• **Activity**
Exactly reproduce the lines of the listing below from the one containing "SKLEER Skin blemish remover - SKLEER" through the one containing "Premium Pink Vanity Bag". Skip the images.

• **Data for analysis**
[Start of section]

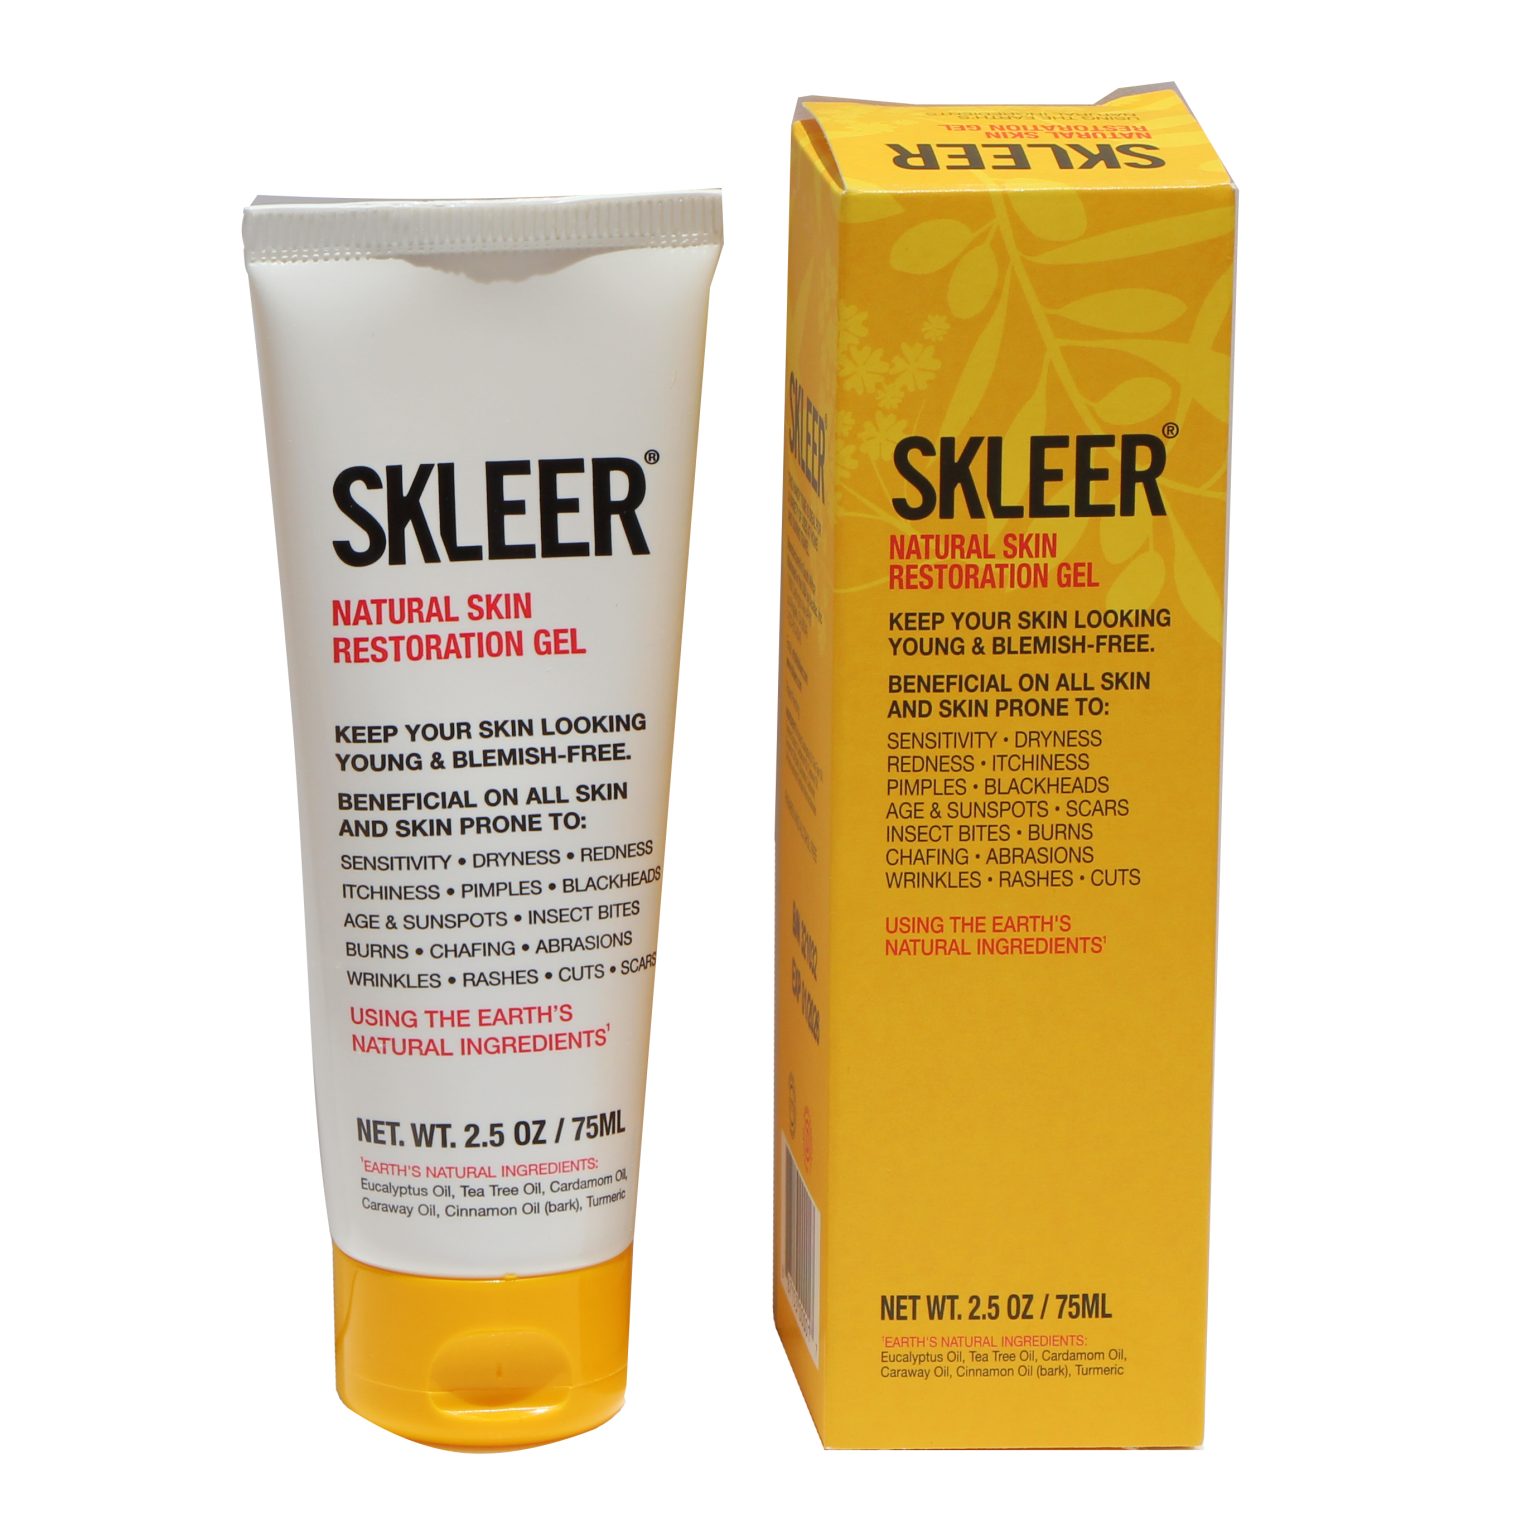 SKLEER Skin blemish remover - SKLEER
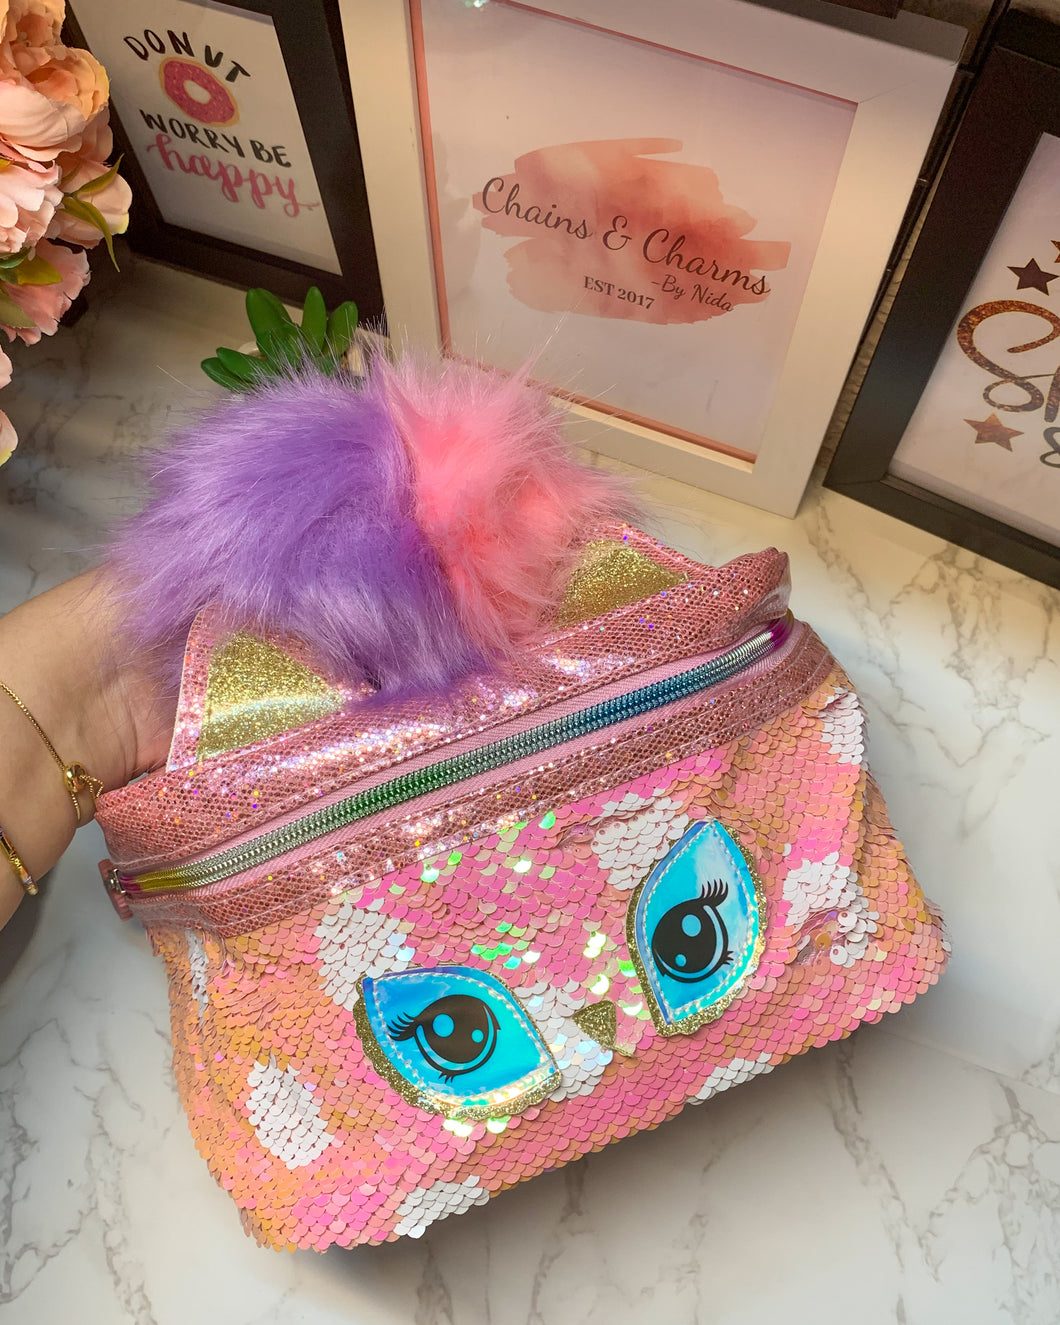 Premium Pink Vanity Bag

[End of section]
[Start of section]

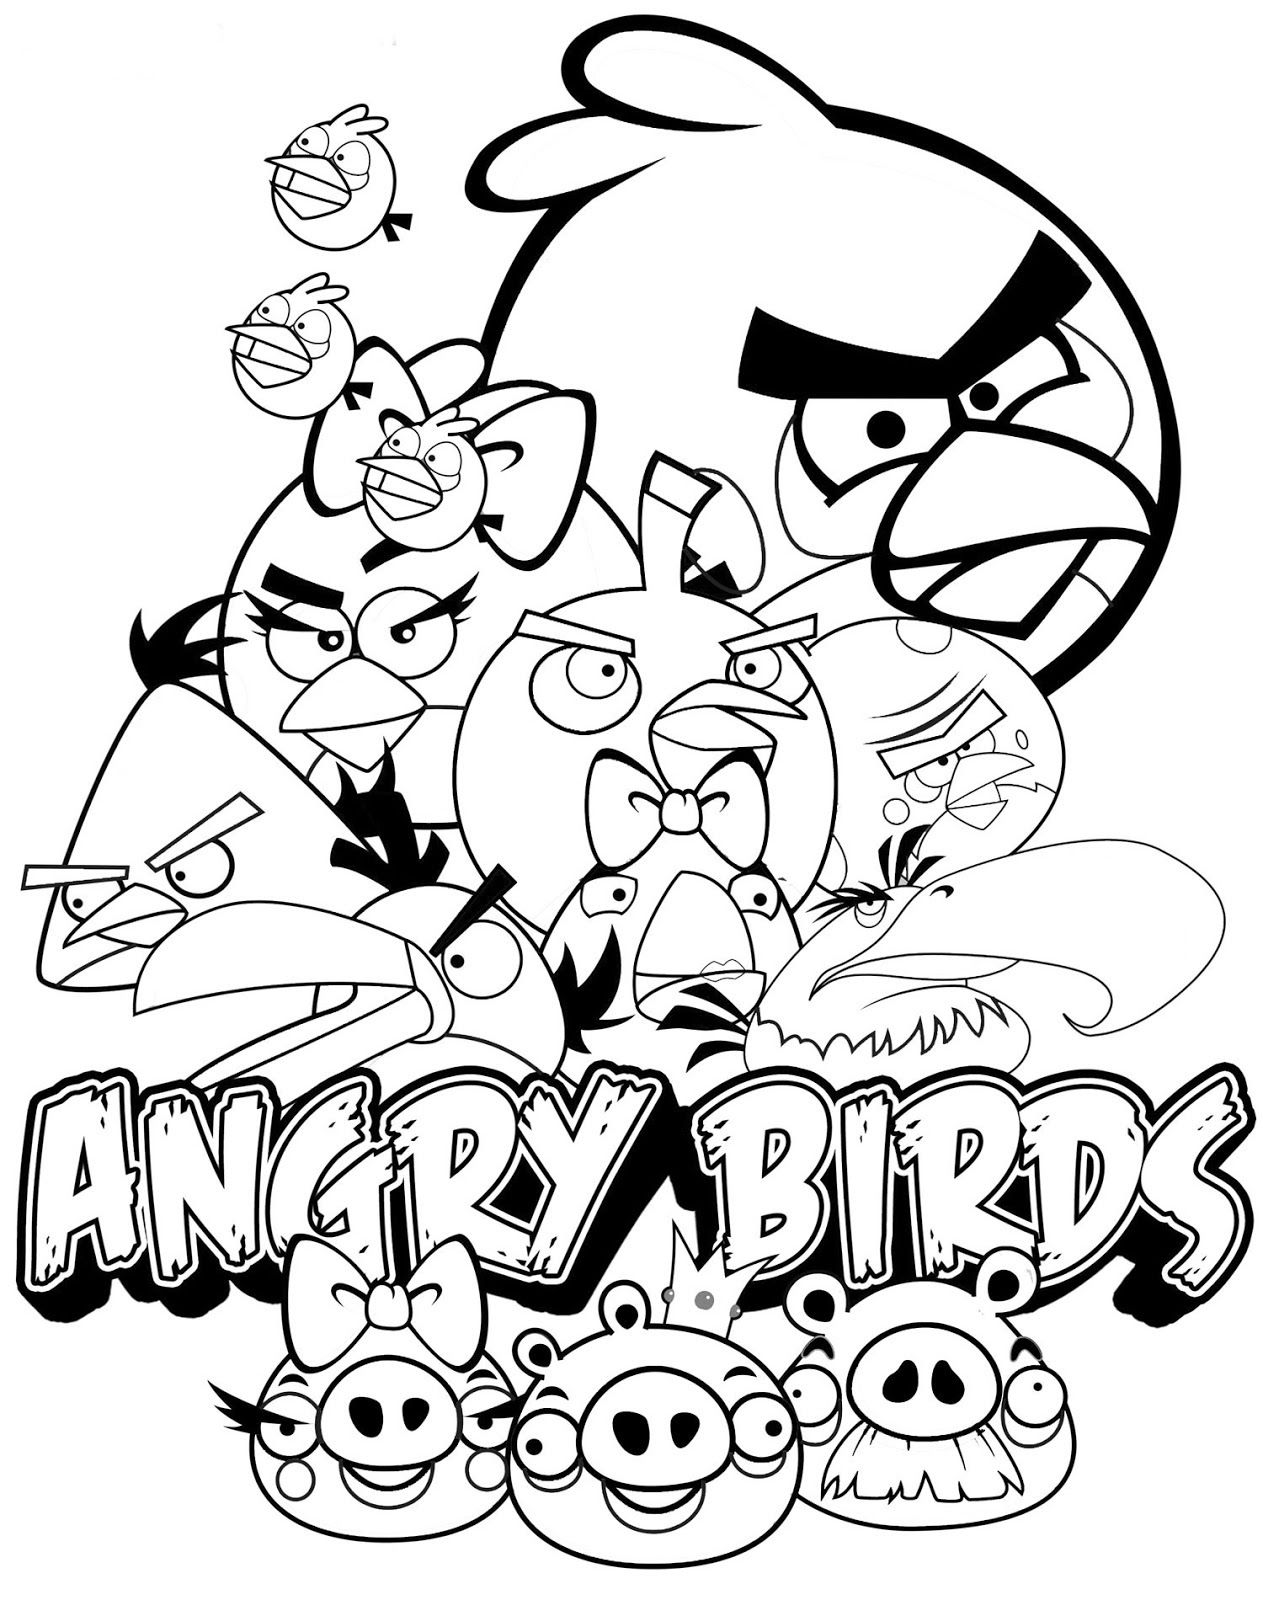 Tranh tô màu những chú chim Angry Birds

[End of section]
[Start of section]

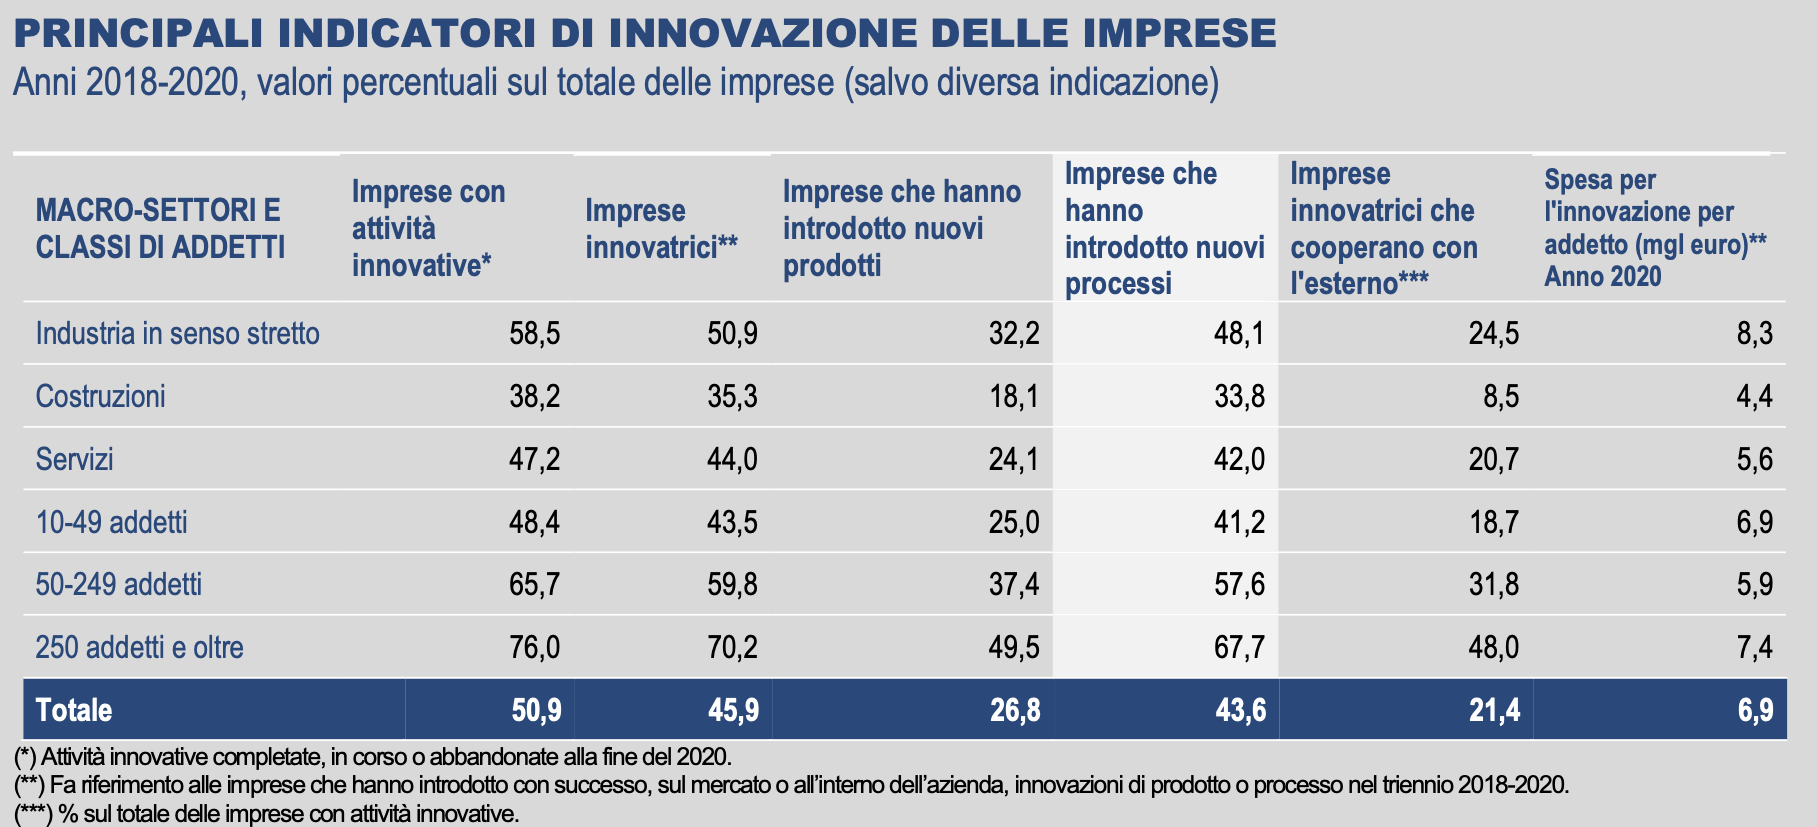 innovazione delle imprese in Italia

[End of section]

• **Exercise solution**
 SKLEER Skin blemish remover - SKLEER
 Premium Pink Vanity Bag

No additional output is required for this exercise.